The trigger intent is the part new builders consistently underestimate. That natural-language description of the task class does most of the work. Lexical predicates only get you so far. The real value of the loop is that a rule learned from a failure on a Vue review fires correctly on a React review, because the trigger intent describes the task class semantically.
And the whole pattern is recoverable in a way fine-tuning is not. If a rule turns out to be wrong, you delete one markdown file and the agent's behavior reverts on the next task. Try that with a fine-tune run.
What this is not
I want to be careful here, because there are people who'll read an architecture like this and start writing prophecies. A failure-driven memory loop is a production engineering pattern, and that's all it is. It takes a specific problem, small-model agents plateauing on recurring failure modes, and hands it a specific solution: structured rules, verified before they land, applied with semantic match. It doesn't generalize without bound. It doesn't "learn" in the sense the field reserves the word for foundation model training. What it does is accumulate discrete operational lessons in a structured format that humans and other systems can audit.
That accumulation is useful. It's nothing close to transcendent.
Where this goes next
The natural next step is to point the same loop at AI systems besides coding agents. Customer-support agents. Code-review tools embedded in CI pipelines. Cybersecurity agents. Any system where failures recur with structure, and where a small library of explicit rules can plausibly cover the recurring cases.

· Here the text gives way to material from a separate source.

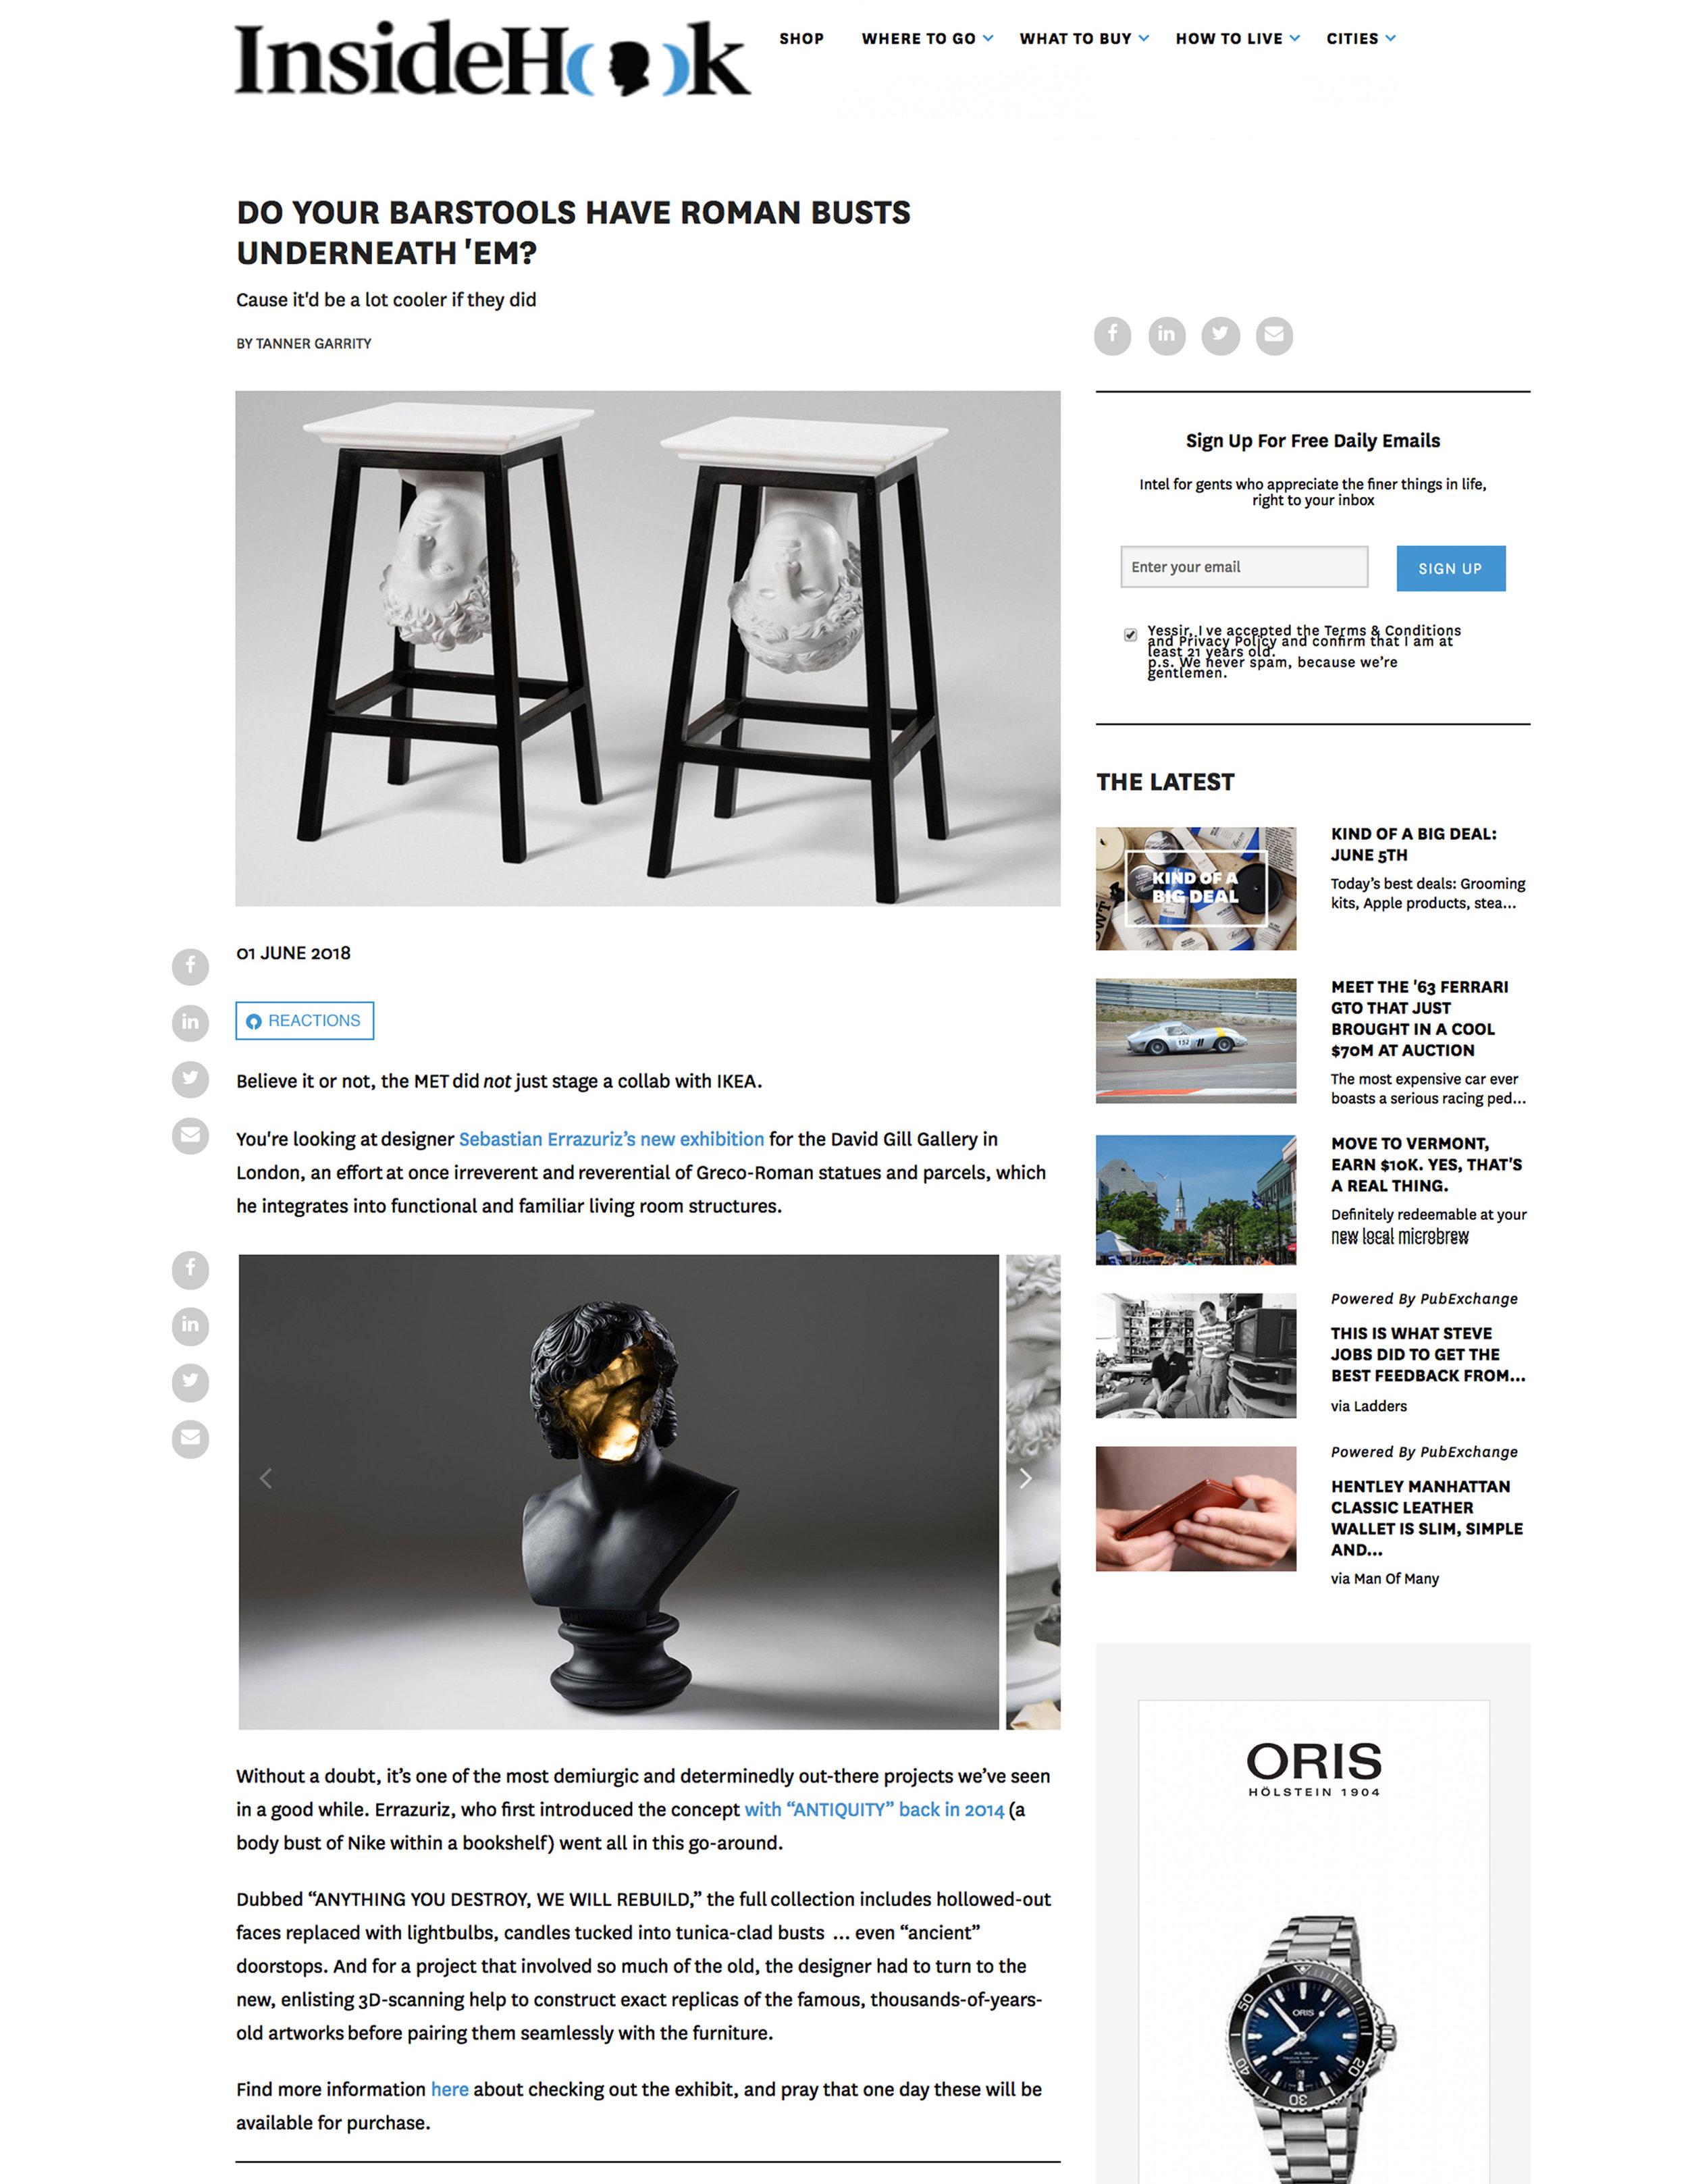 GillPress_Press_mr_InsidehookLetter_1.jpg
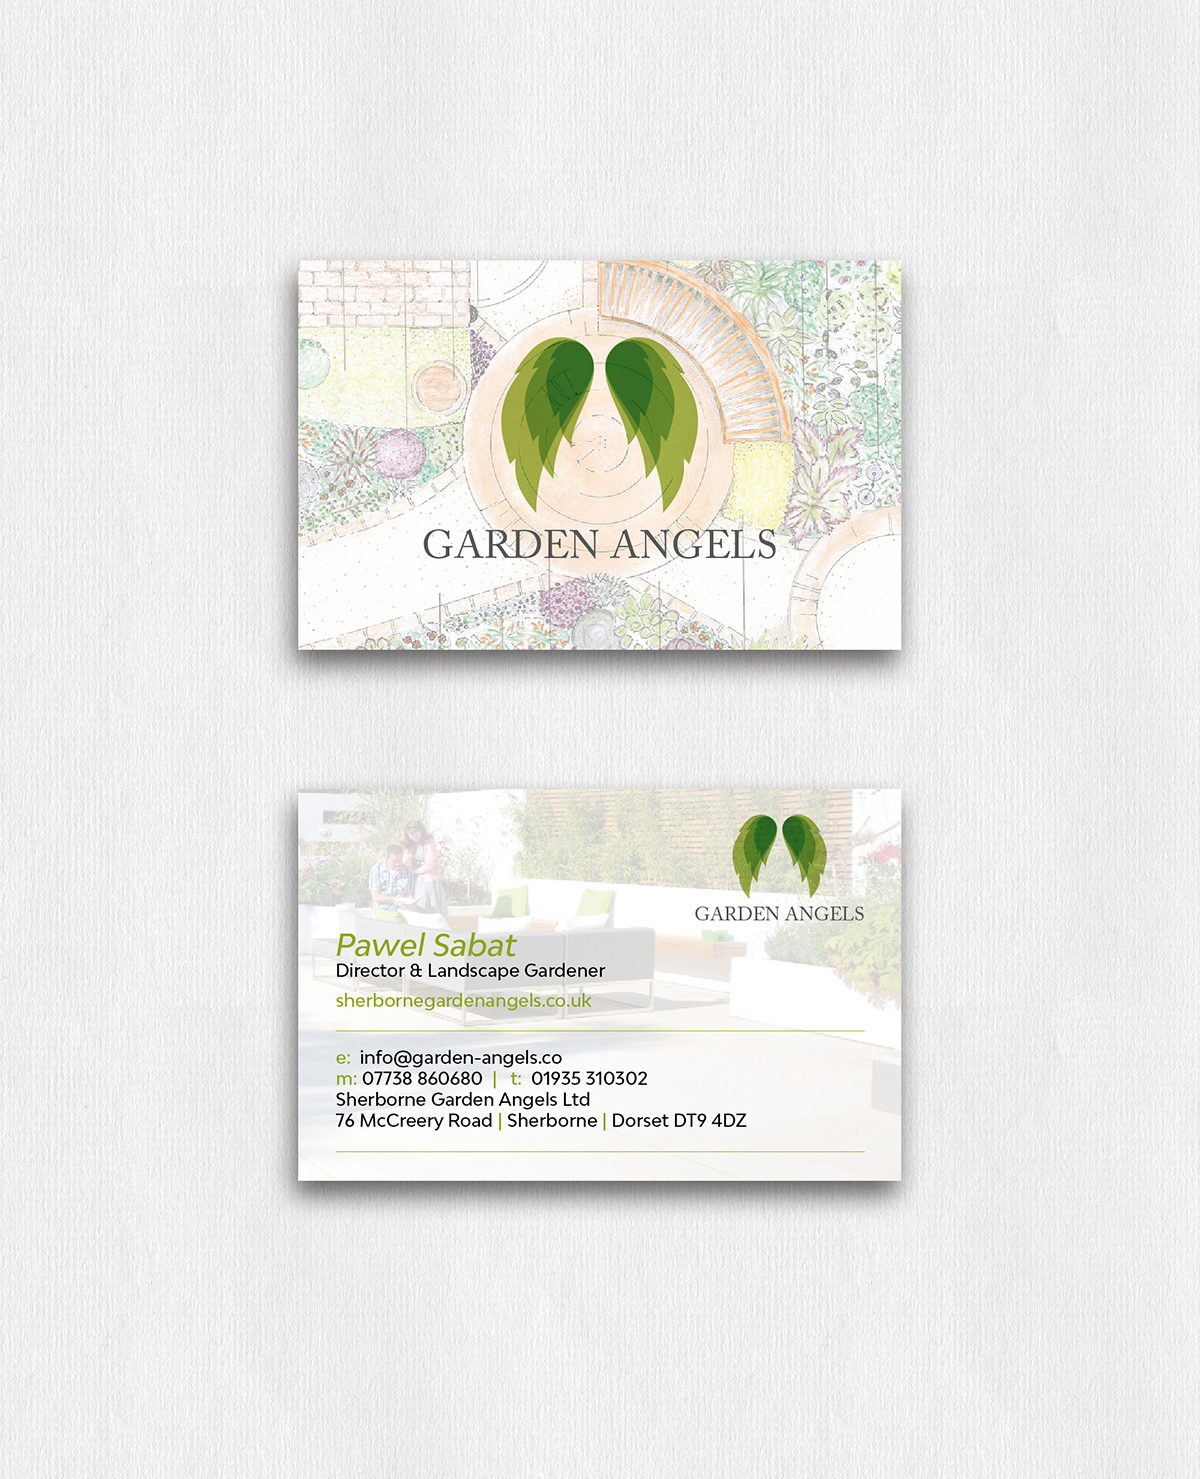 ls — Business Card Design Dorset

What the broader ecosystem is missing is shared infrastructure. A stable rule format that multiple agent vendors can write to and read from. A verifier service that any agent platform can call. An audit log standard that compliance teams can rely on. Building those primitives is the next 12 months of work for anyone serious about operational self-correction. The patterns are clear. The standards aren't.
There's plenty of room to do that work badly. There's just as much room to do it well.